After that incident, Paul had made Natalie head of camp security. Because she and the girls were now responsible for protecting the compound, they were excused from all other duties, a sweet deal considering they now did little more than take care of stray rotters that wandered too close to the compound or occasionally accompanied the raiding party on supply runs. All of the girls still helped out around the camp, though, to prevent themselves from going stir crazy. The new-found prestige gave them a sense of self-worth and importance.

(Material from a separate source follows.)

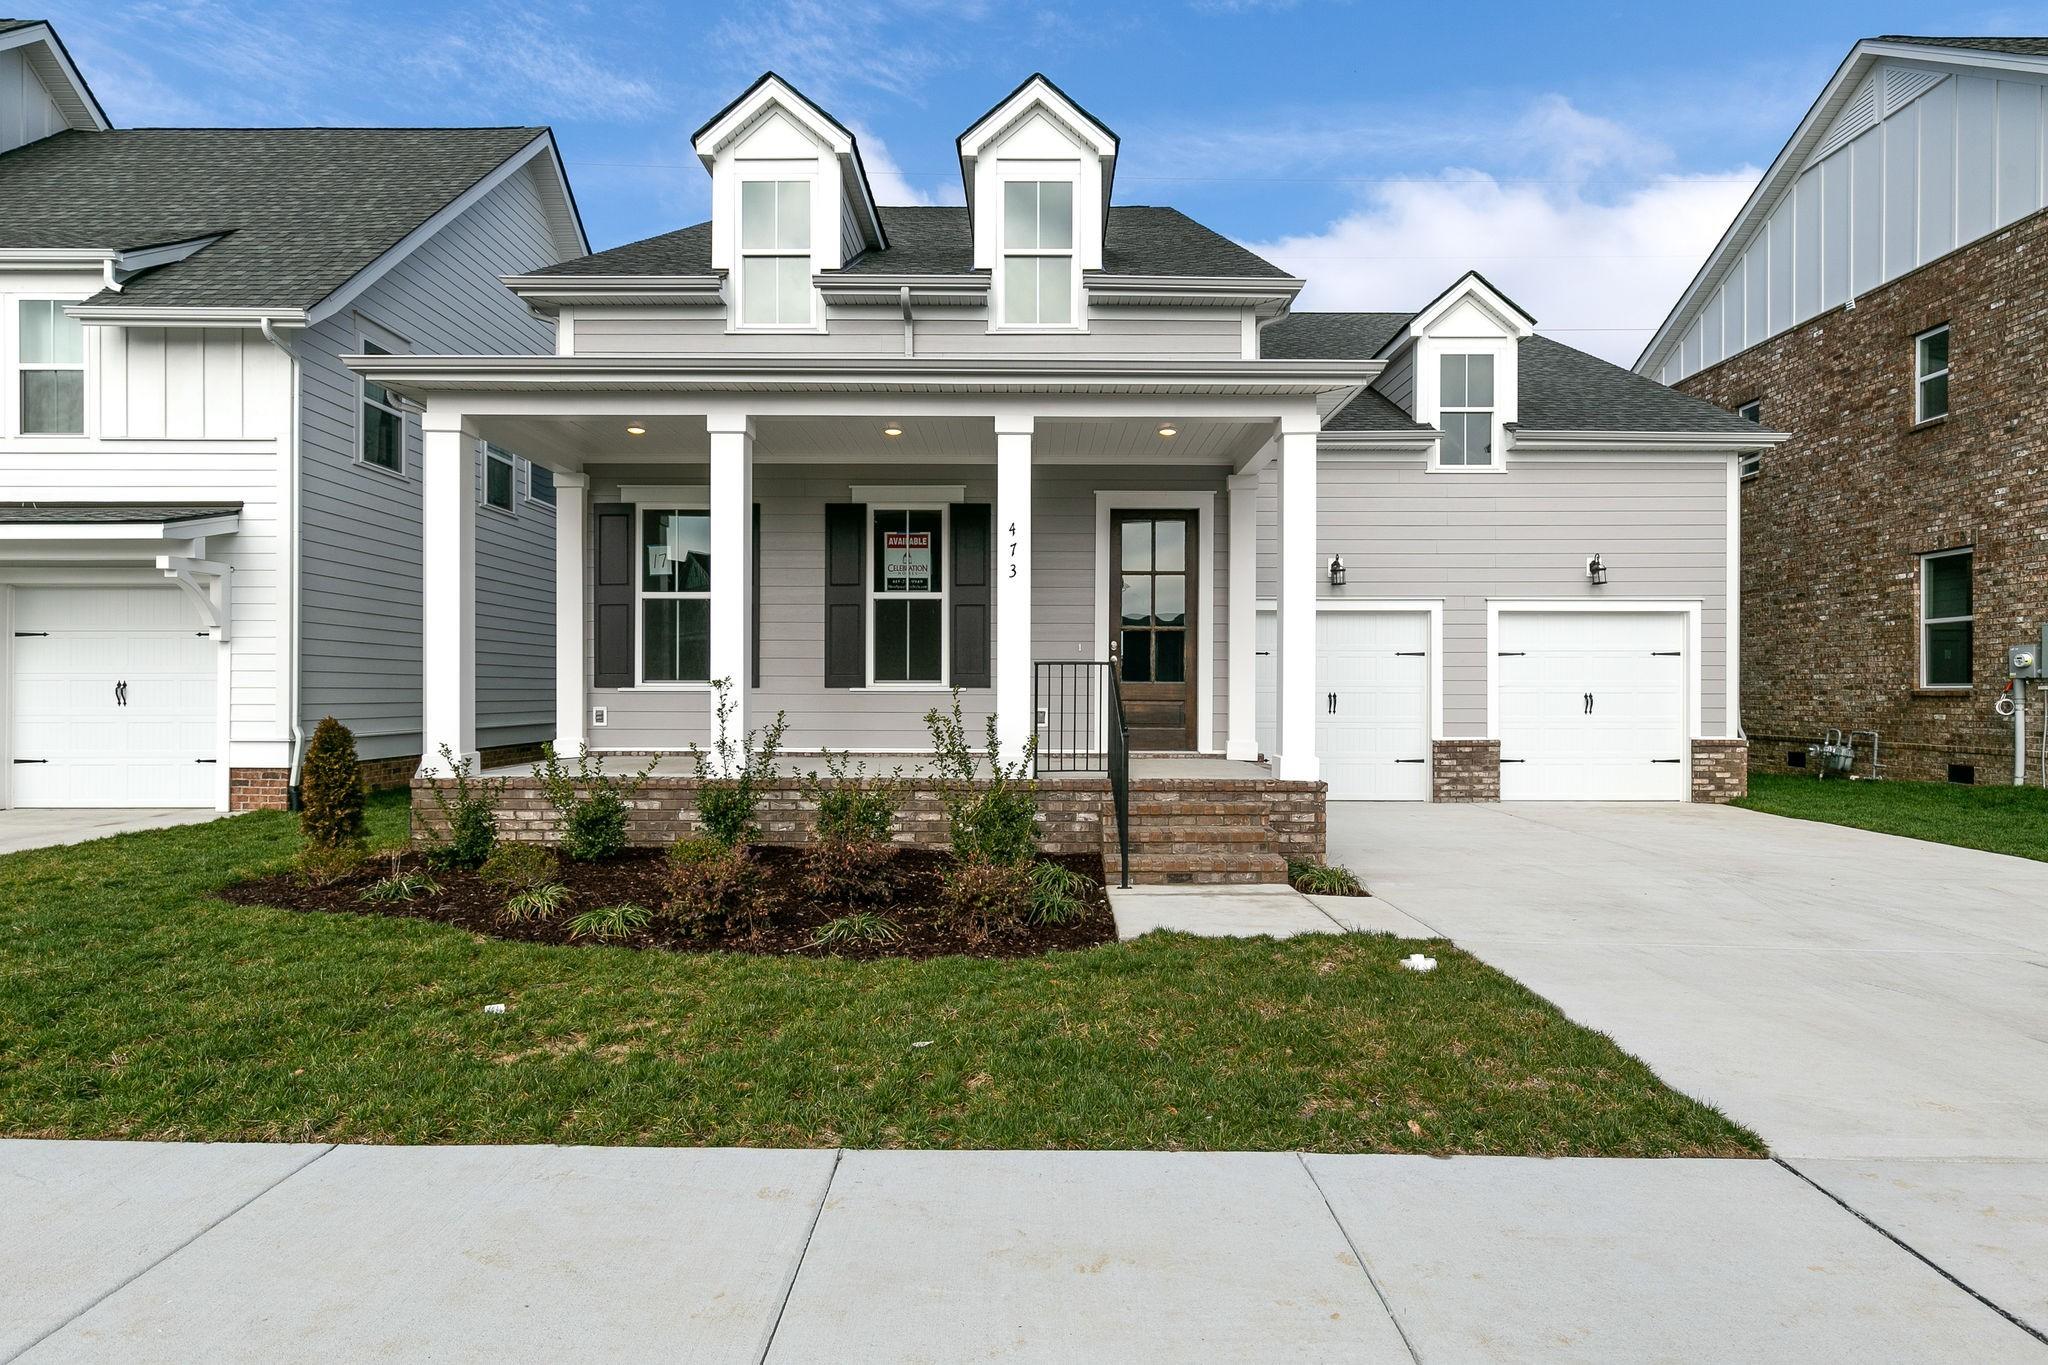 473 River Bluff Dr, Franklin, TN 37064 - Franklin, TN real estate listing

It made them feel in control of their lives again. For many, it gave them a reason to go on living.

At first they had a few detractors who had made fun of the girls, calling them Nat’s Brats behind their backs. That teasing had ended when Robson finally chose the name by which everyone now referred to them. During a pre-brief for one of his raids, he had used it when asking Natalie if the girls could provide armed back-up. Natalie and the girls loved it because they knew he had meant the name as a sign of respect.

The Angels of Death.

Swinging her legs back onto the wall, Natalie continued her rounds along the perimeter. The more their prestige grew, the greater became the uneasiness that nagged at her. She tried to ignore it, writing off the feeling as her own natural pessimism bubbling to the surface, but deep down she knew there was more to it than that. Natalie would never downplay the Angels’ success. Her Angels had kept the camp safe from the few rotters that wandered too close for comfort. Even when they accompanied the raiding party, they never encountered more than thirty or forty at a time. Not the kind of odds from which legends are made.

That was the problem. The Angels had become legendary at camp for no good reason, in her opinion. Fighting off the living dead at three-to-one odds was not extraordinary. It created false expectations among the others. Worse still, some of the Angels had begun to believe the hype, which threatened to make them over confident and sloppy. Natalie trained them relentlessly, but still she would occasionally overhear some of her girls talk about how they were invincible.

This feeling of impending doom had gotten much stronger since Paul announced that the raiding party would head into Portsmouth to pick up an important group of survivors. Although the rational part of her brain tried to convince her that these feelings were just paranoia, her woman’s intuition warned her to listen. Something told her these survivors were bad news for the camp, for her, and for her girls. If only she knew why.

Arriving back at the gated tunnel, Natalie used the inside ladder to climb down off of the wall. Wiping her hands together to brush off the dirt, she made her way to the blockhouse for breakfast.